Task instructions: In the copy you make, keep each entry exactly as it is and leave out all images.
*** Opening of Data section ***
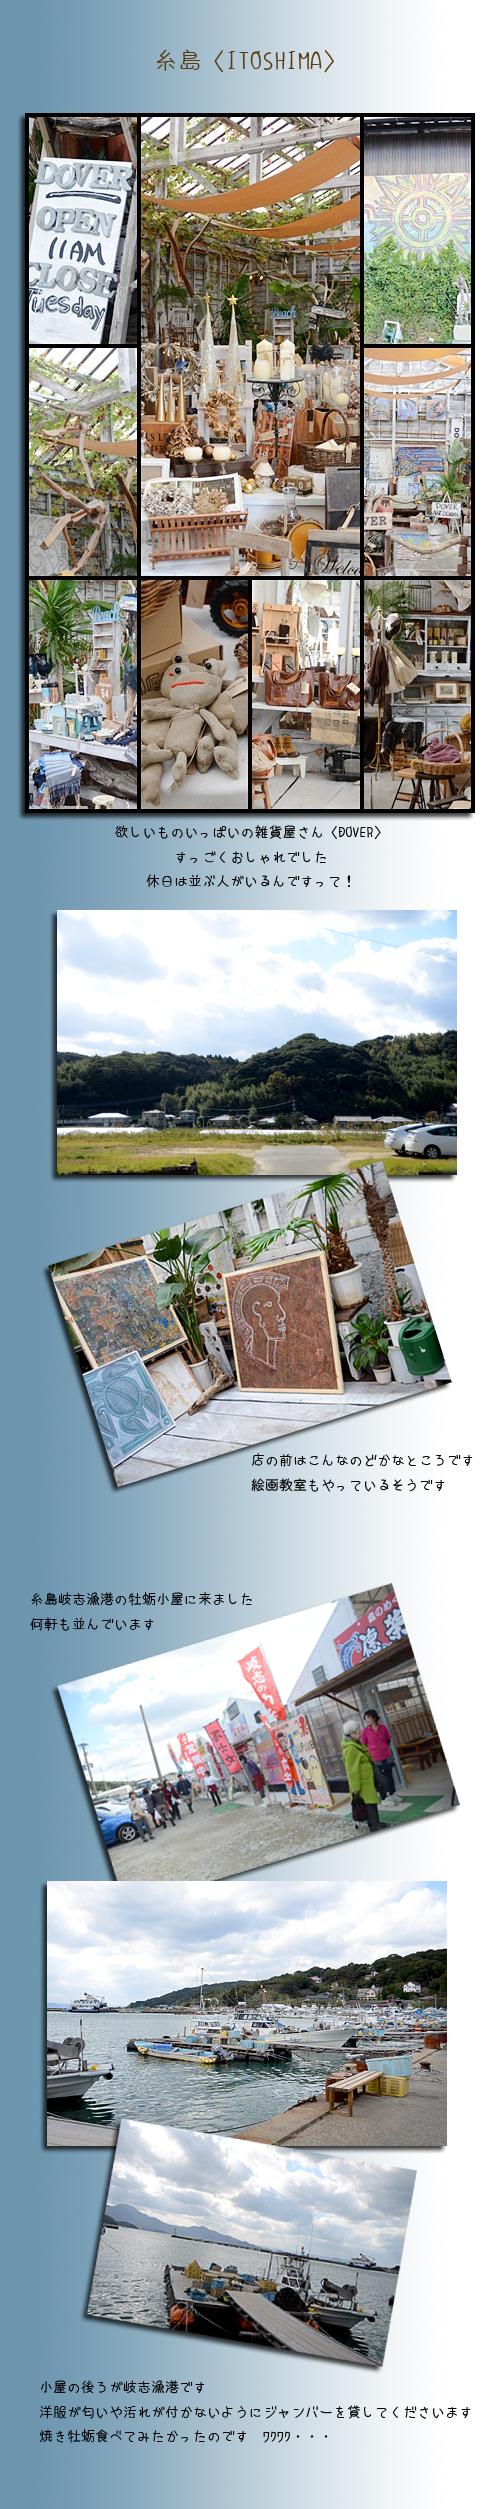 11月21日糸島1
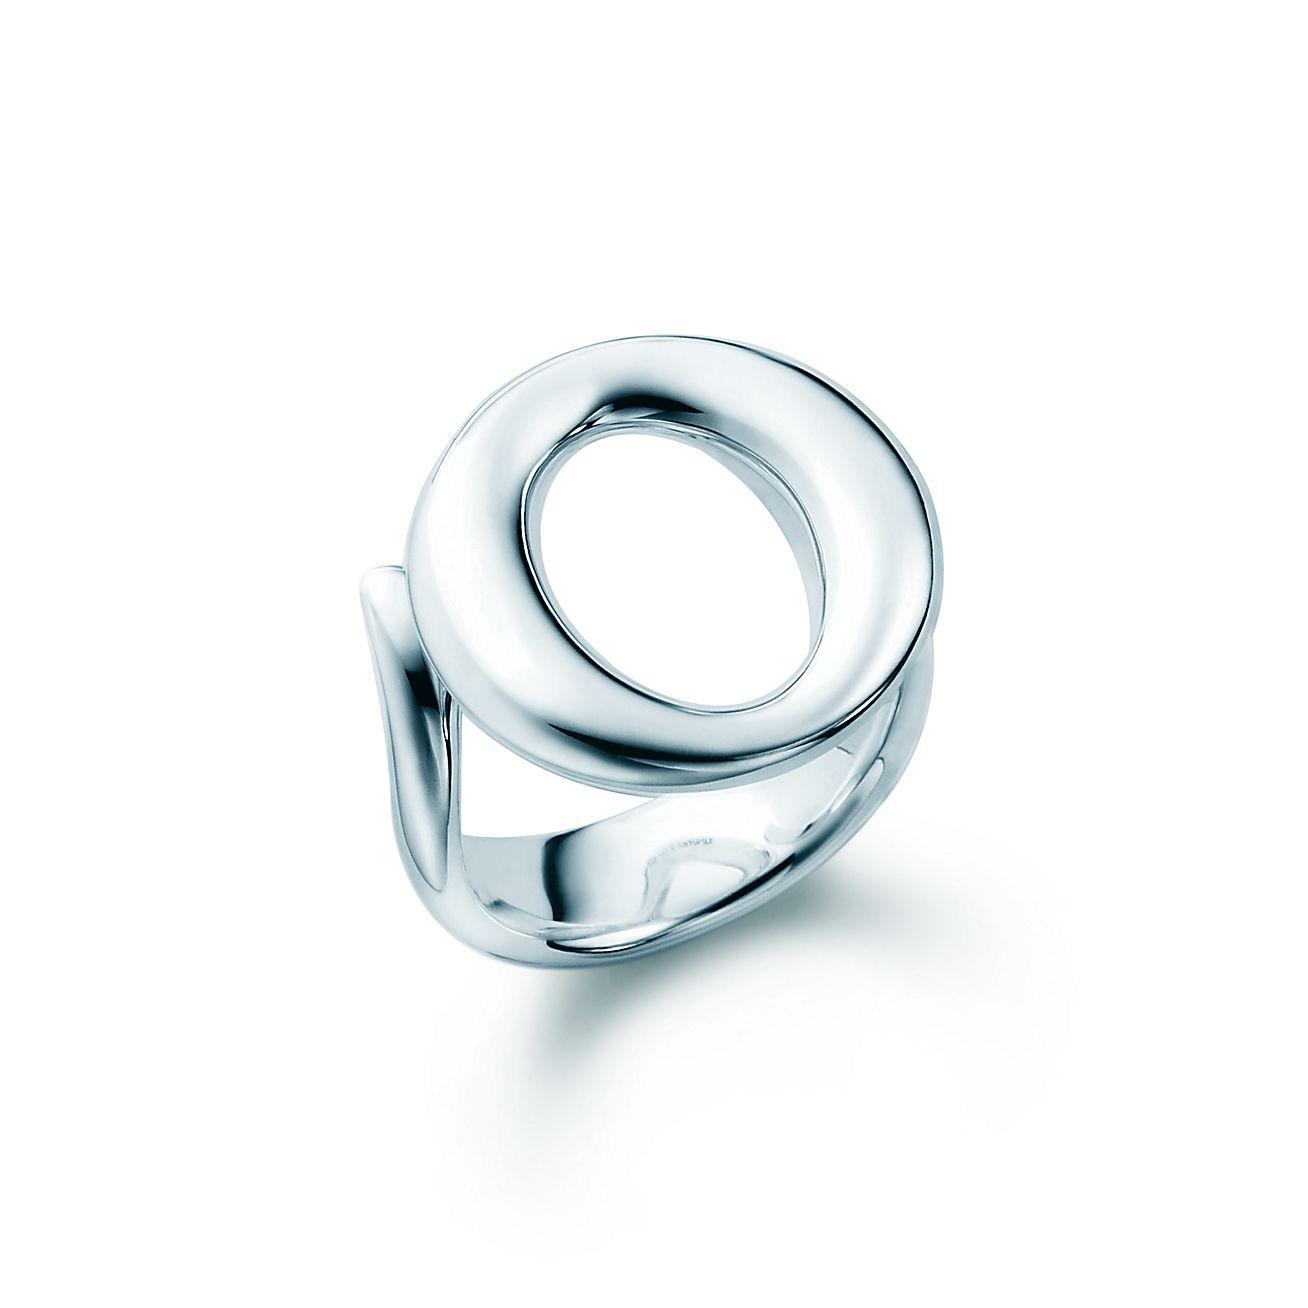 elsa peretti sevillana ring in sterling silver small tiffany co. Black Bedroom Furniture Sets. Home Design Ideas
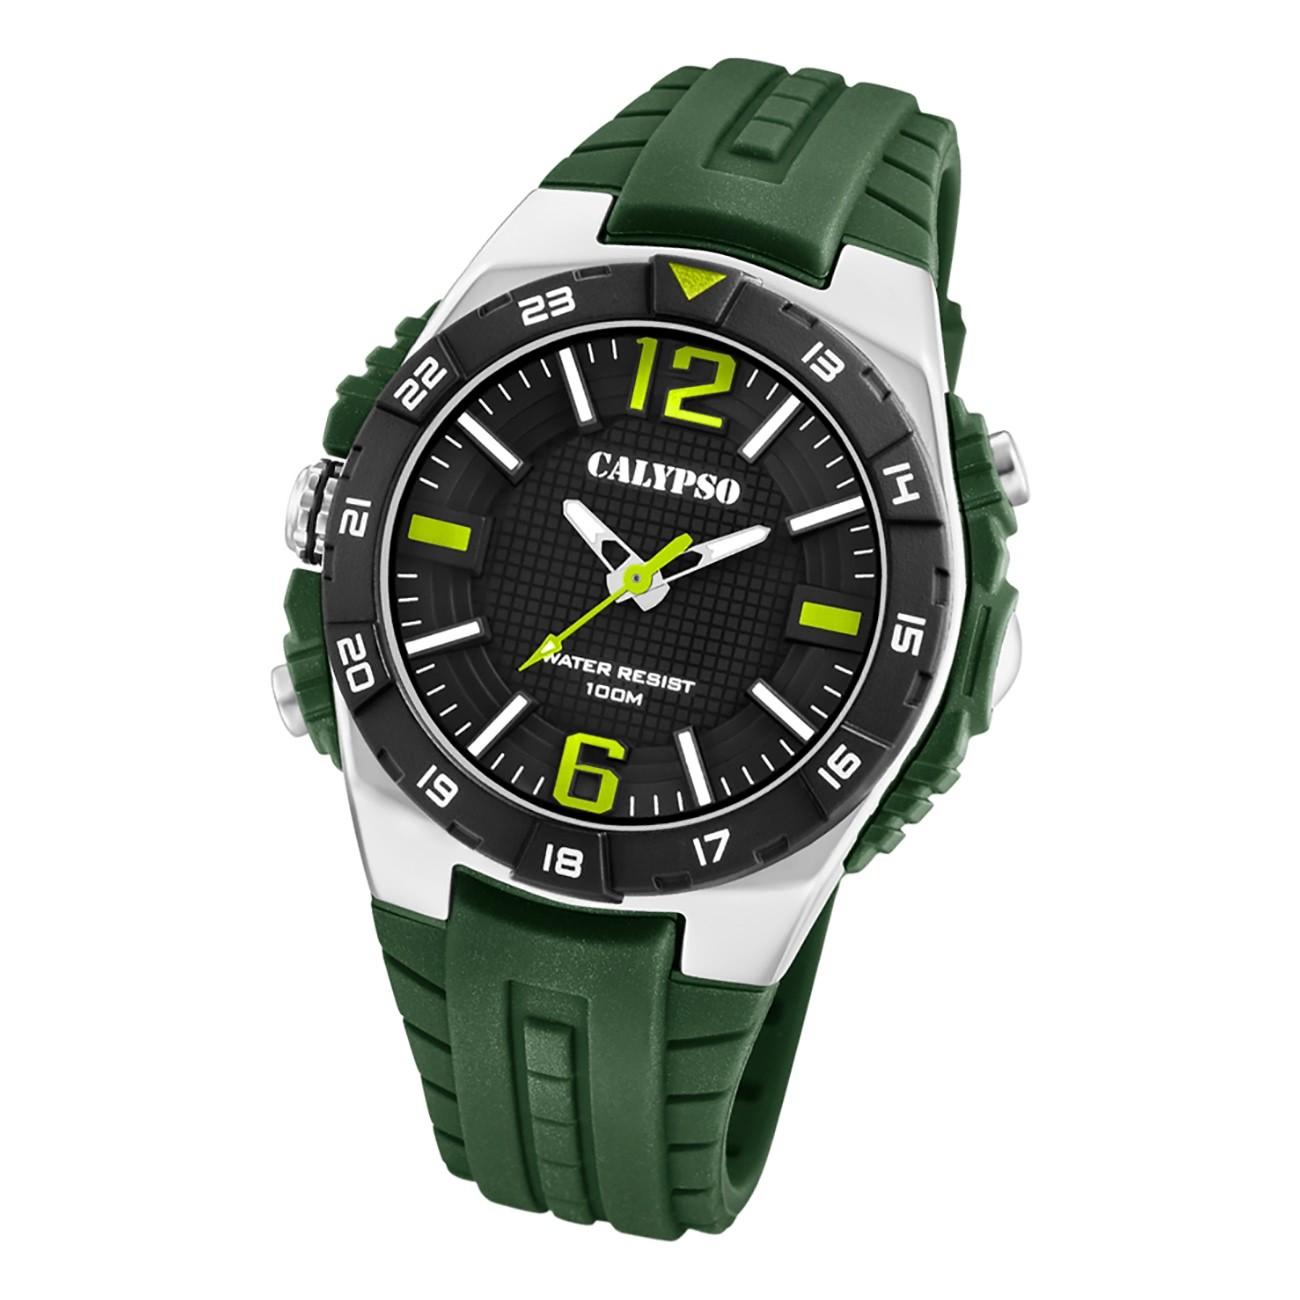 Calypso Herren Jugend Armbanduhr Outdoor K5778/2 Analog Kunststoff grün UK5778/2
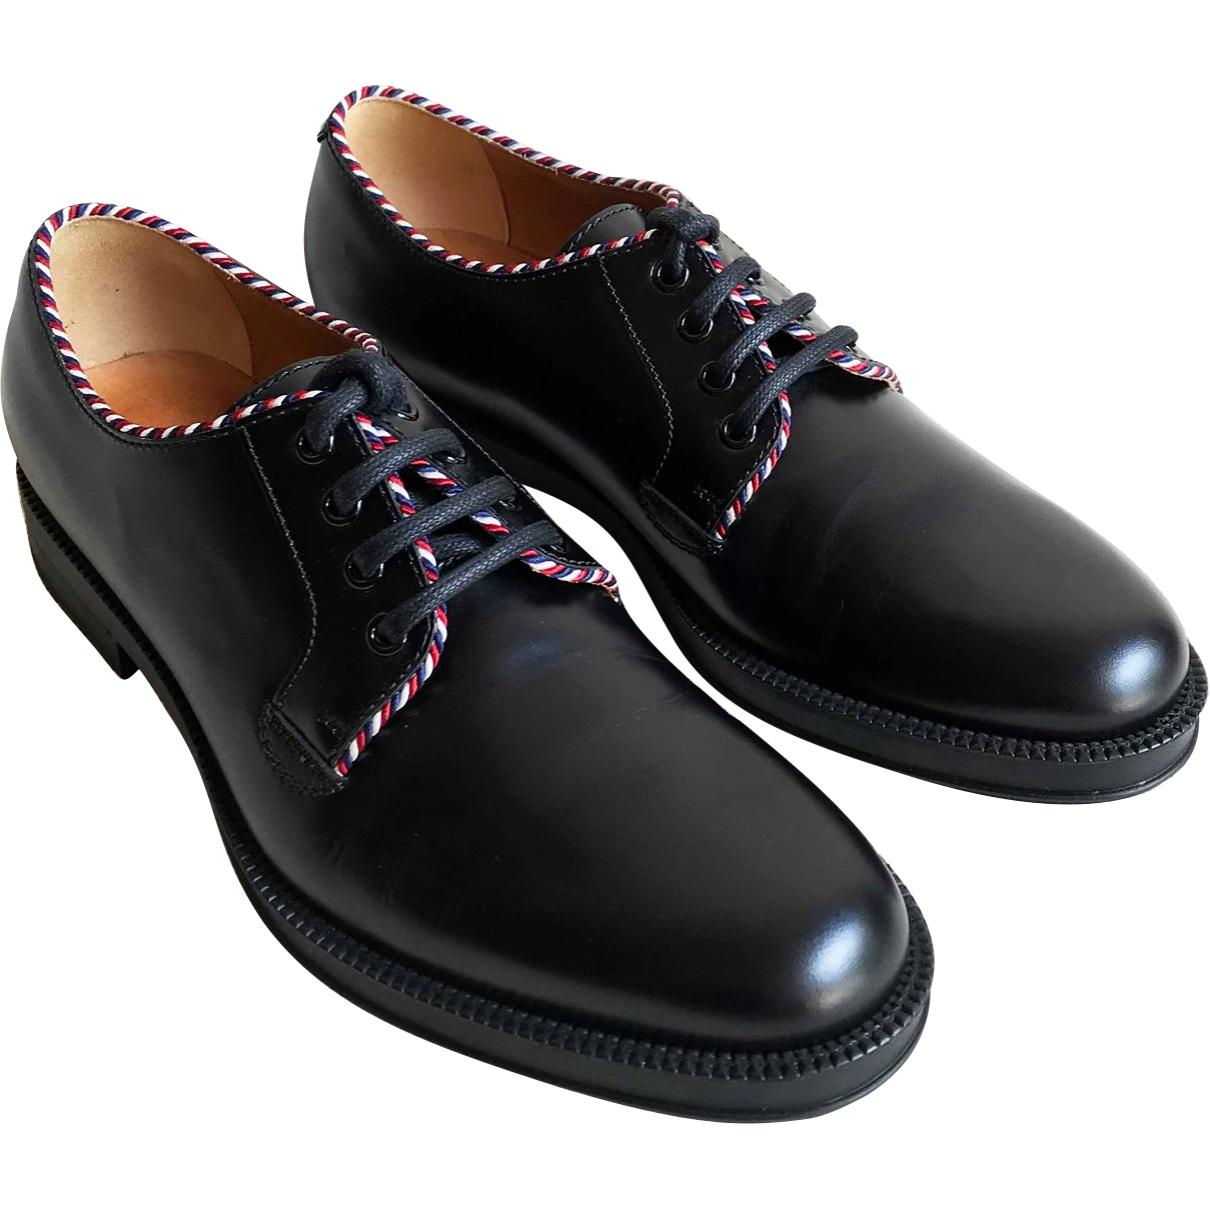 Gucci \N Black Leather Lace ups for Men 42 EU
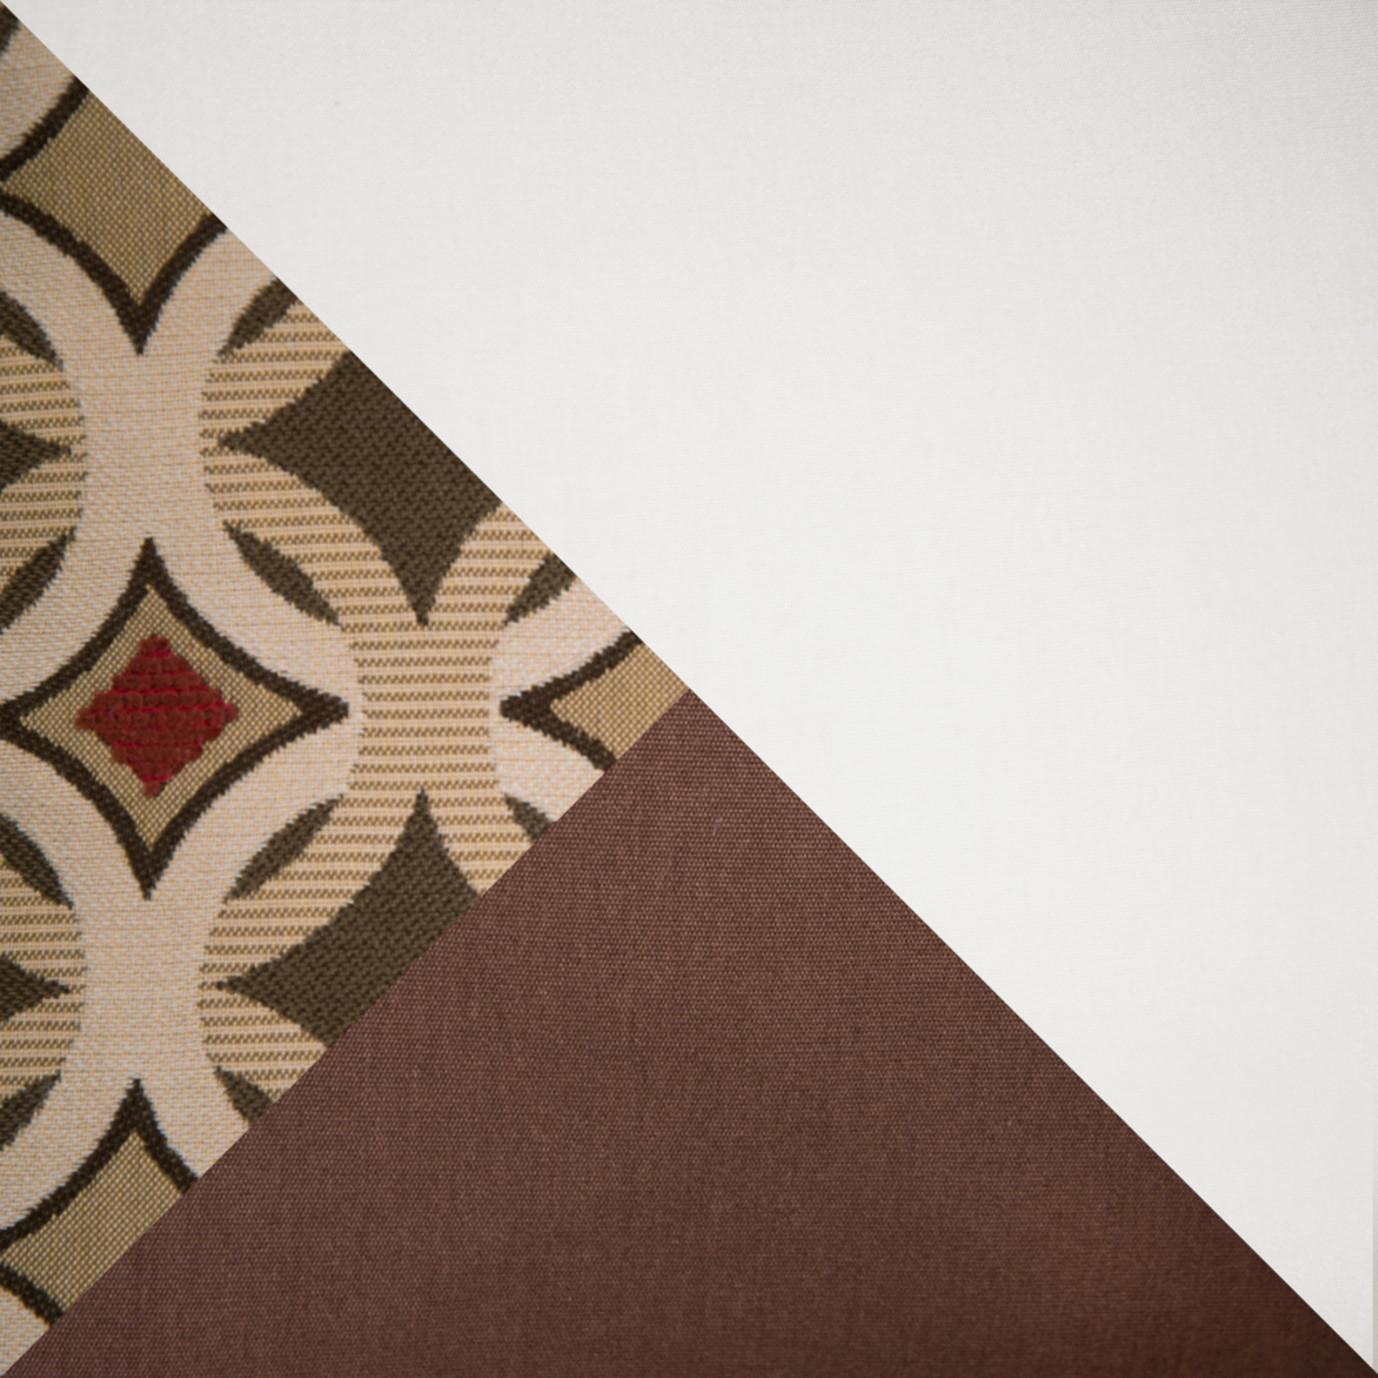 Deco™ Sofa with Coffee Table - Moroccan Cream
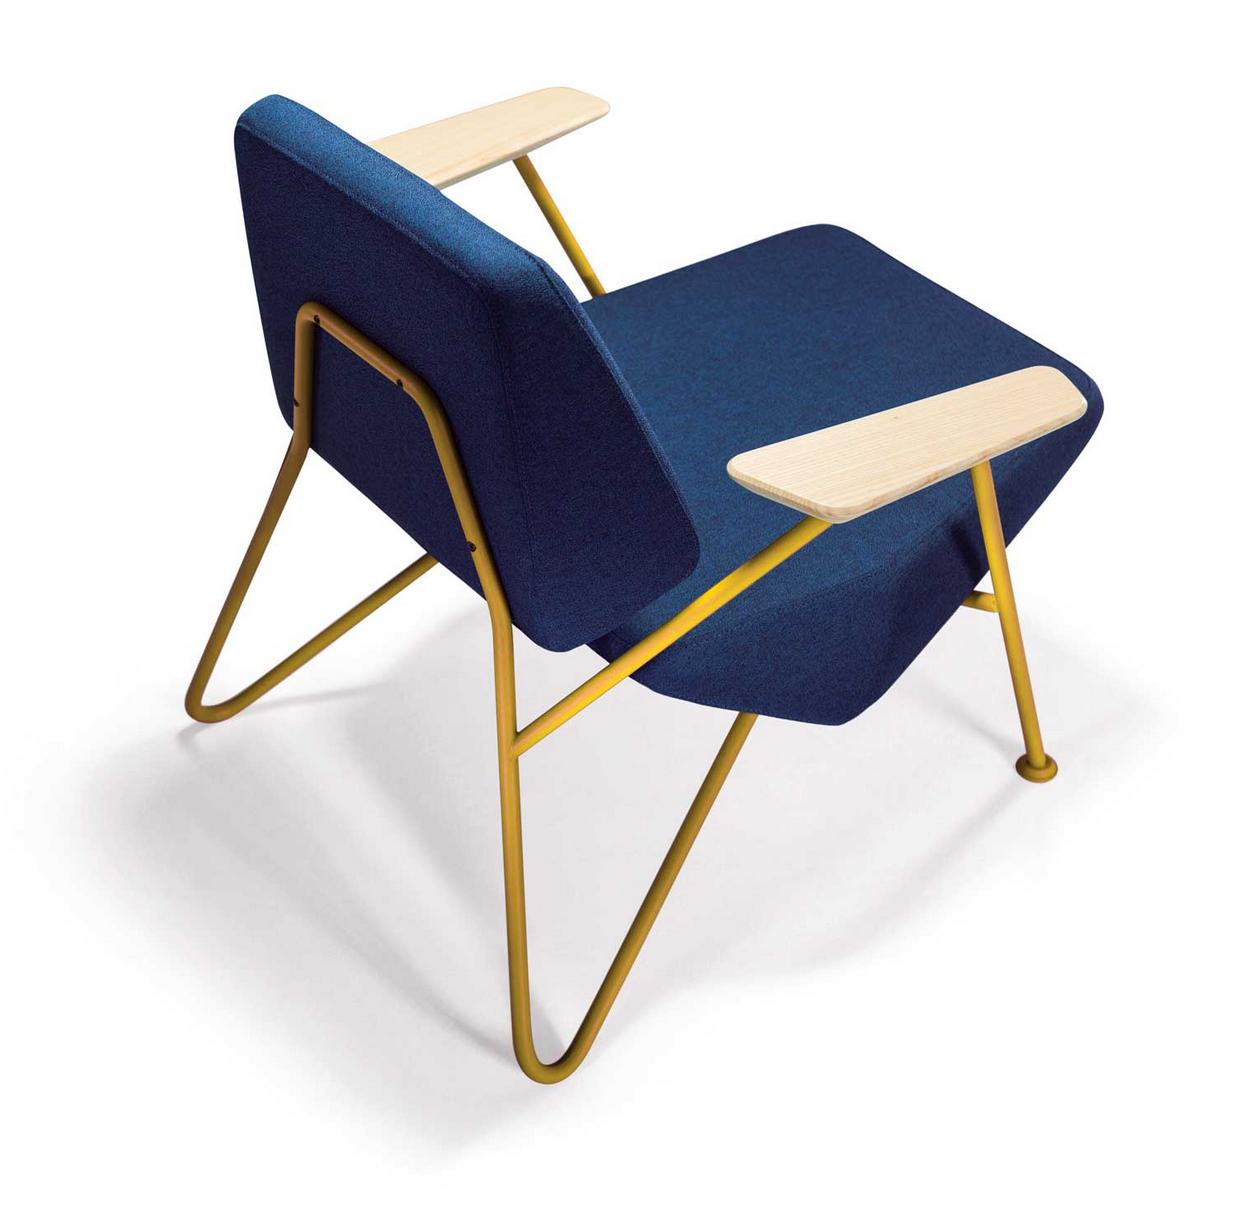 Polygon Chair By Prostoria At Superstudio Image Courtesy Of  # Muebles Laura Elda
*** Close of Data section ***
Expected answer:
 11月21日糸島1
 elsa peretti sevillana ring in sterling silver small tiffany co. Black Bedroom Furniture Sets. Home Design Ideas
 Calypso Herren Jugend Armbanduhr Outdoor K5778/2 Analog Kunststoff grün UK5778/2
 Gucci \N Black Leather Lace ups for Men 42 EU
 Deco™ Sofa with Coffee Table - Moroccan Cream
 Polygon Chair By Prostoria At Superstudio Image Courtesy Of  # Muebles Laura Elda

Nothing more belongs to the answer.